Moreover, previous studies describe that some pathological factors can influence the population of CART-LI neurons within the ENS (Gunnarsdóttir et al. 2007; Gonkowski et al. 2012, 2015), which may suggest neuroprotective and adaptive roles of this peptide in the digestive system, as well as its participation in pro- or anti-inflammatory processes.

Also during the present study, the changes in CART-like immunoreactivity in the porcine ENS after T-2 toxin administration have been observed. On the one hand, this observations show that even low doses of T-2 toxin are not neutral for living organism and can cause changes in the enteric nervous system. On the other hand, they confirm that CART takes part in the pathological processes in the GI tract. It should be pointed out that both exact reasons and mechanisms of observed changes in CART-like immunoreactivity are not clear and may be a result of various factors.

Regarding the reasons of observed changes, they can be a result of direct action of T-2 toxin on neuronal cells, and the increase in CART-like immunoreactivity may be an adaptive process of neurons in response to the impact of this mycotoxin, especially the damage of mitochondria, which has been described in previous studies (Marin et al. 2013; De Ruyck et al. 2015). On the other hand, fluctuations of the number of CART-LI neuronal structures may be connected with indirect actions of T-2 toxin, namely with ATA—morbidity with various gastrointestinal symptoms, such as vomiting, diarrhea, or nausea (Lutsky and Mor 1981; De Ruyck et al. 2015). One cannot exclude that changes in actions of GI tract connected with the above-mentioned symptoms, as well as inflammatory processes accompanying ATA can be the reason of fluctuations in CART-like immunoreactivity in the ENS, especially that the influence of inflammation on chemical coding of enteric neurons is relatively well known (Vasina et al. 2006).

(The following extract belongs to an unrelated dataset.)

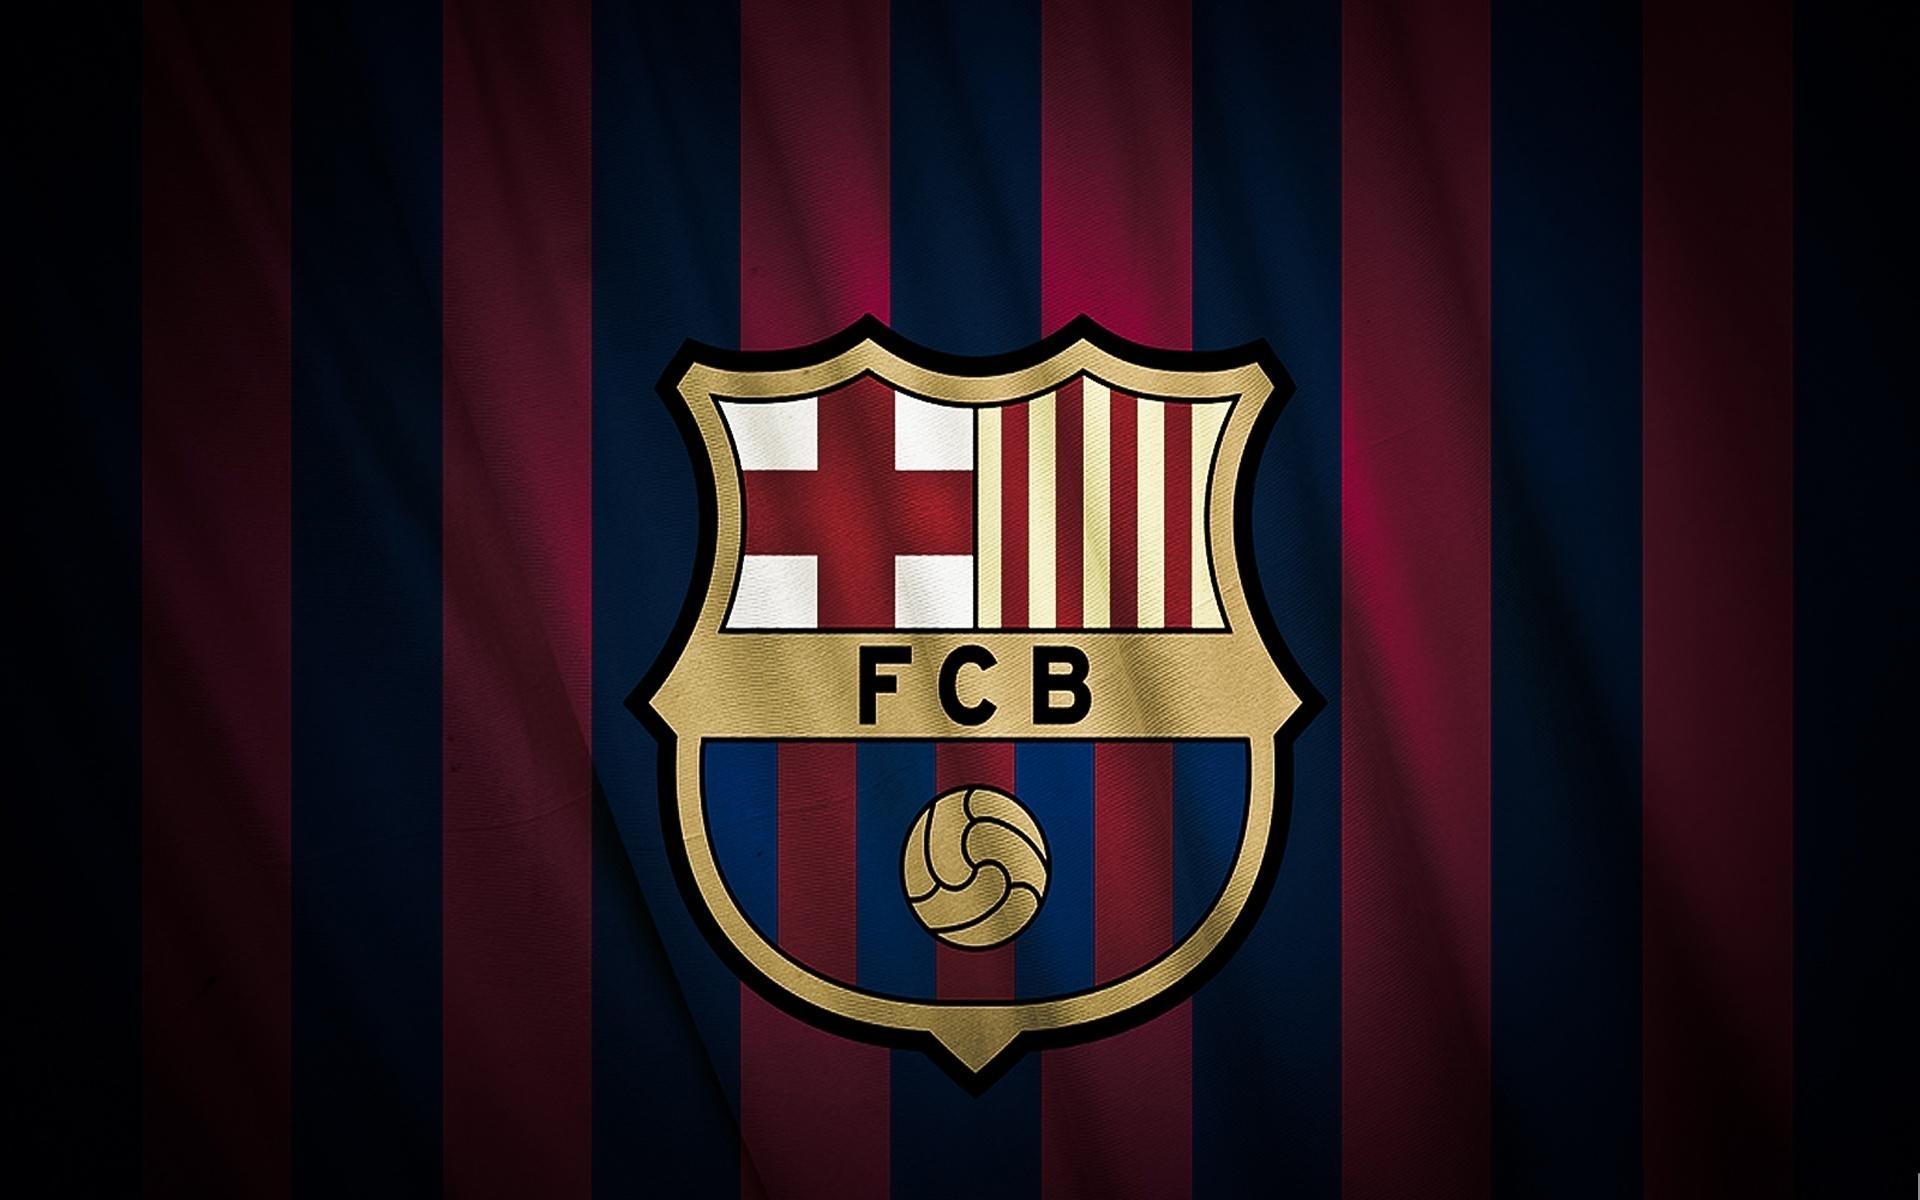 fc barcelona logo wallpaper download | pixelstalk
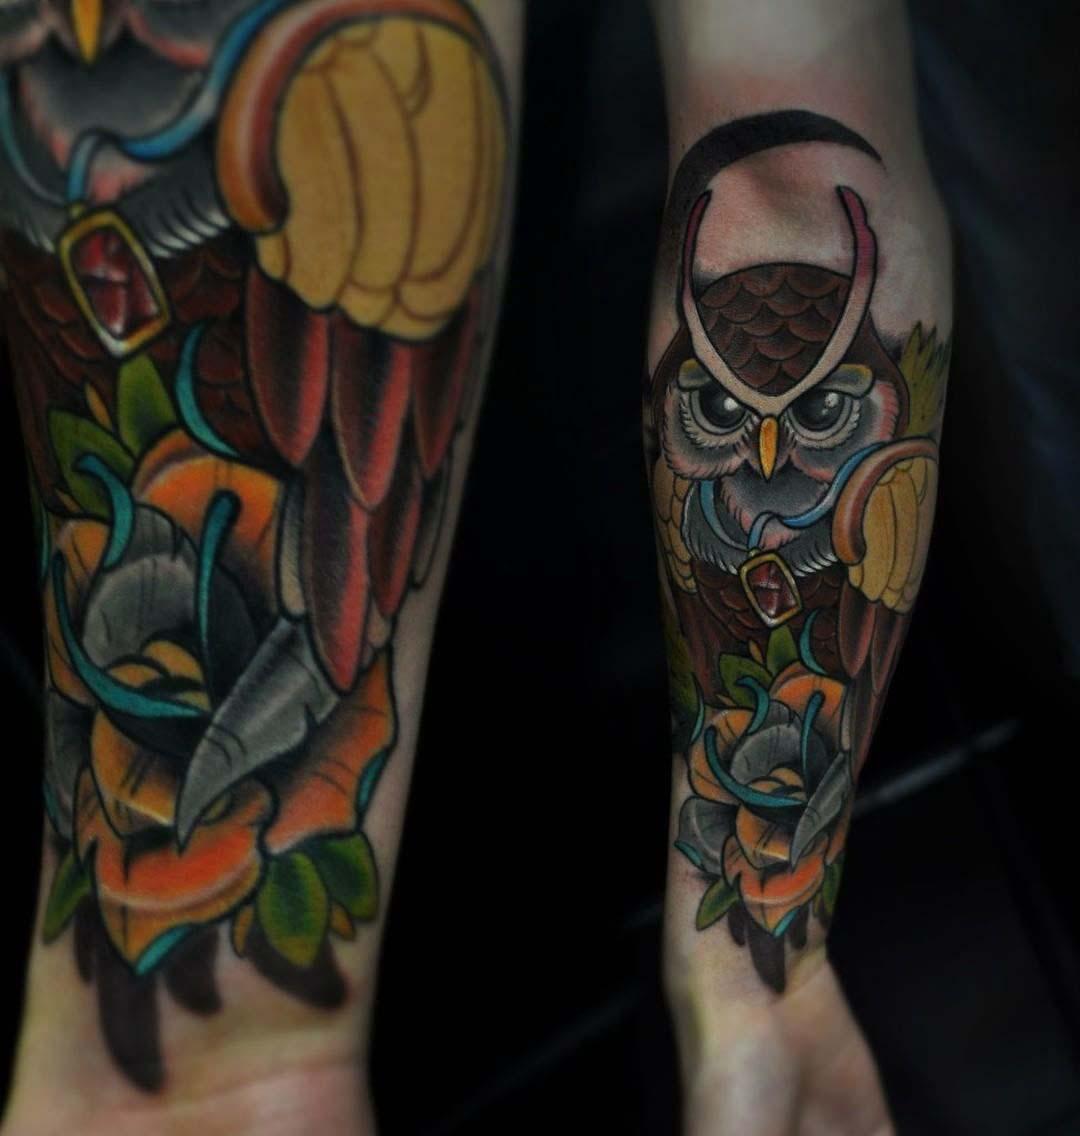 cool owl tattoo on forearm

The mechanisms of the increase in CART-LI enteric neuronal cells number after T-2 toxin administration are also unclear. Observed changes can be a result an augmentation of CART synthesis within enteric neurons, as well as fluctuations in molecular transport of this peptide between cells bodies and nerve endings. Most probably, changes in CART-like immunoreactivity noted during the present study are caused by the increase in the synthesis of CART in neuronal cell bodies with simultaneous intensification of molecular transport of this peptide from perikarya to nerve endings. This hypothesis is supported by the fact that during the present investigation the increase in CART-like immunoreactivity has been observed both in enteric neuronal cell bodies and nerve fibers. In turn, fluctuations in synthesis of CART may arise from various changes in the transcription, translation, and/or post-translational modification, where pro-peptide under convertase enzymes transforms to biological active form of CART (Maixnerová et al. 2007).

Conclusions

To sum up, the obtained results show that T-2 toxin in low doses may affect the enteric nervous system and therefore even suggested permissible doses in feed cannot be qualified as completely safe for living organisms, what has been suggested in previous studies (Obremski et al. 2008, 2013). Moreover, the present study confirms that CART seems to be an important neuronal factor within the enteric nervous system, which takes part in regulation of intestinal functions both in physiological conditions and during pathological states. Due to the fact that the increase in CART-like immunoreactivity has been observed during the present study as well as in previous investigations on zearalenone intoxication (Gonkowski et al. 2015), and it is well accepted that expression of neuroprotective substances usually increases under the majority of pathological stimuli (Arciszewski and Ekblad 2005), it can be assumed that this peptide also plays neuroprotective roles in the ENS. On the other hand, some previous studies on various pathological factors (such as axotomy or inflammatory processes) have shown the decline in CART-LI enteric neurons number (Burliński 2012; Gonkowski et al. 2012). So, the exact functions of CART in intestinal innervation still remain not fully explained and require further investigations.